AutoKernel helps each Triton and CUDA C++ backends throughout the identical framework. Triton is a Python-like domain-specific language that compiles JIT in 1 to five seconds, making it ultimate for speedy iteration — the agent can modify block sizes, warp counts, pipeline phases, accumulator precision, and loop construction. Triton routinely reaches 80 to 95% of cuBLAS throughput for matmul. CUDA C++ is included for circumstances requiring direct entry to warp-level primitives, WMMA tensor core directions (utilizing 16×16×16 fragments), vectorized masses through float4 and half2, bank-conflict-free shared reminiscence layouts, and double buffering. Each backends expose the identical kernel_fn() interface, so the benchmark infrastructure runs identically no matter backend.

The system covers 9 kernel varieties spanning the dominant operations in fashionable transformer architectures: matmul, flash_attention, fused_mlp, softmax, layernorm, rmsnorm, cross_entropy, rotary_embedding, and scale back. Every has a PyTorch reference implementation in reference.py serving because the correctness oracle, and the benchmark computes throughput in TFLOPS or GB/s alongside roofline utilization towards detected GPU peak.

Benchmark Outcomes on H100

Measured on an NVIDIA H100 80GB HBM3 GPU (132 SMs, compute functionality 9.0, CUDA 12.8) towards PyTorch keen and torch.compile with max-autotune, the outcomes for memory-bound kernels are important. RMSNorm achieves 5.29× over keen and a pair of.83× over torch.compile on the largest examined measurement, reaching 2,788 GB/s — 83% of H100’s 3,352 GB/s peak bandwidth. Softmax reaches 2,800 GB/s with a 2.82× speedup over keen and three.44× over torch.compile. Cross-entropy achieves 2.21× over keen and a pair of.94× over torch.compile, reaching 2,070 GB/s. The beneficial properties on these kernels come from fusing multi-operation ATen decompositions into single-pass Triton kernels that reduce HBM (Excessive Bandwidth Reminiscence) site visitors.

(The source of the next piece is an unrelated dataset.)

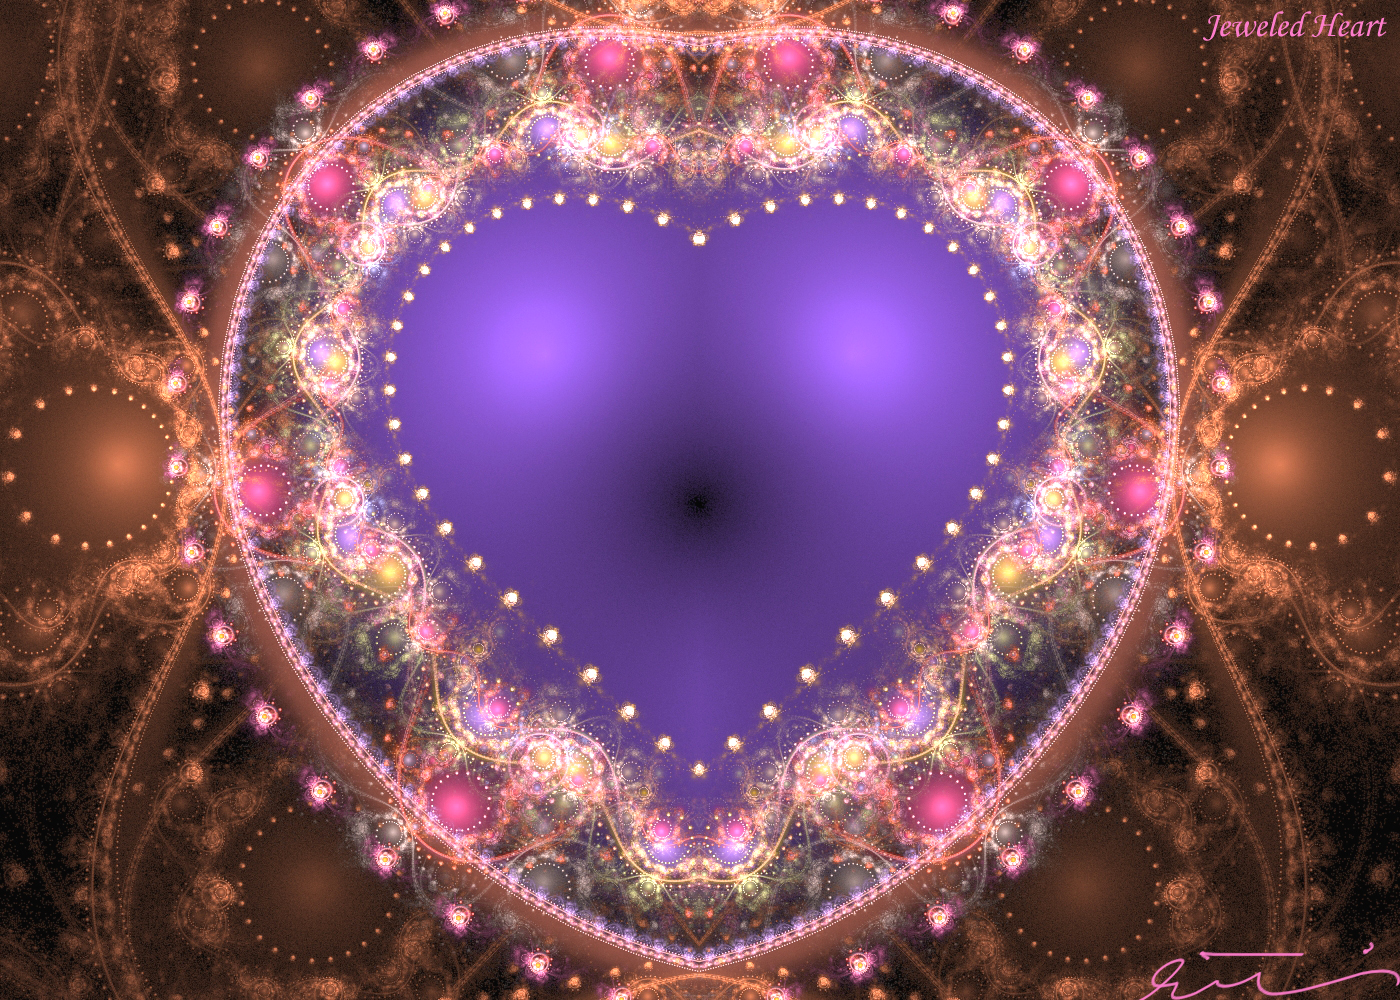 Jeweled Heart

AutoKernel outperforms torch.compile on 12 of the 16 consultant configurations benchmarked within the paper, regardless of torch.compile with max-autotune operating its personal Triton autotuning. TorchInductor’s generic fusion and autotuning doesn’t all the time discover the specialised tiling and discount methods that kernel-specific implementations exploit.

Matmul is notably more durable — PyTorch’s cuBLAS backend is extensively tuned per GPU structure. The Triton starter reaches 278 TFLOPS, properly beneath cuBLAS. Nonetheless, on the 2048³ measurement, AutoKernel beats torch.compile by 1.55×, demonstrating that TorchInductor’s matmul autotuning isn’t all the time optimum both. Closing the cuBLAS hole stays the first goal for continued agent iteration.

In group deployment, an AutoKernel-optimized kernel took first place on the vectorsum_v2 B200 leaderboard with a latency of 44.086µs, outperforming the second-place entry at 44.249µs and third place at 46.553µs. A group person additionally reported {that a} single AutoKernel immediate — requiring roughly three minutes of agent interplay — produced a Triton FP4 matrix multiplication kernel that outperforms CUTLASS by 1.63× to 2.15× throughout a number of shapes on H100. CUTLASS represents hand-optimized C++ template code particularly designed for NVIDIA tensor cores, making this outcome notably notable.

Key Takeaways

AutoKernel turns weeks of knowledgeable GPU tuning into an in a single day autonomous course of. By mechanizing the write-benchmark-keep/revert loop that knowledgeable kernel engineers already observe, the system runs 300 to 400 experiments per in a single day session on a single GPU with none human intervention.
Correctness is non-negotiable earlier than any speedup is recorded. Each candidate kernel should cross a five-stage harness masking smoke assessments, form sweeps throughout 10+ configurations, numerical stability below adversarial inputs, determinism verification, and non-power-of-two edge circumstances — eliminating the danger of the agent “optimizing” its approach to incorrect outputs.
Reminiscence-bound kernels see the largest beneficial properties over each PyTorch keen and torch.compile. On an NVIDIA H100, AutoKernel’s Triton kernels obtain 5.29× over keen on RMSNorm, 2.82× on softmax, and a pair of.21× on cross-entropy — with the beneficial properties coming from fusing multi-operation ATen decompositions into single-pass kernels that reduce HBM site visitors.
Amdahl’s legislation drives the place the agent spends its time. Reasonably than optimizing kernels in isolation, AutoKernel profiles the whole PyTorch mannequin and allocates effort proportionally to every kernel’s share of whole GPU runtime — making certain that enhancements compound on the mannequin degree, not simply the kernel degree.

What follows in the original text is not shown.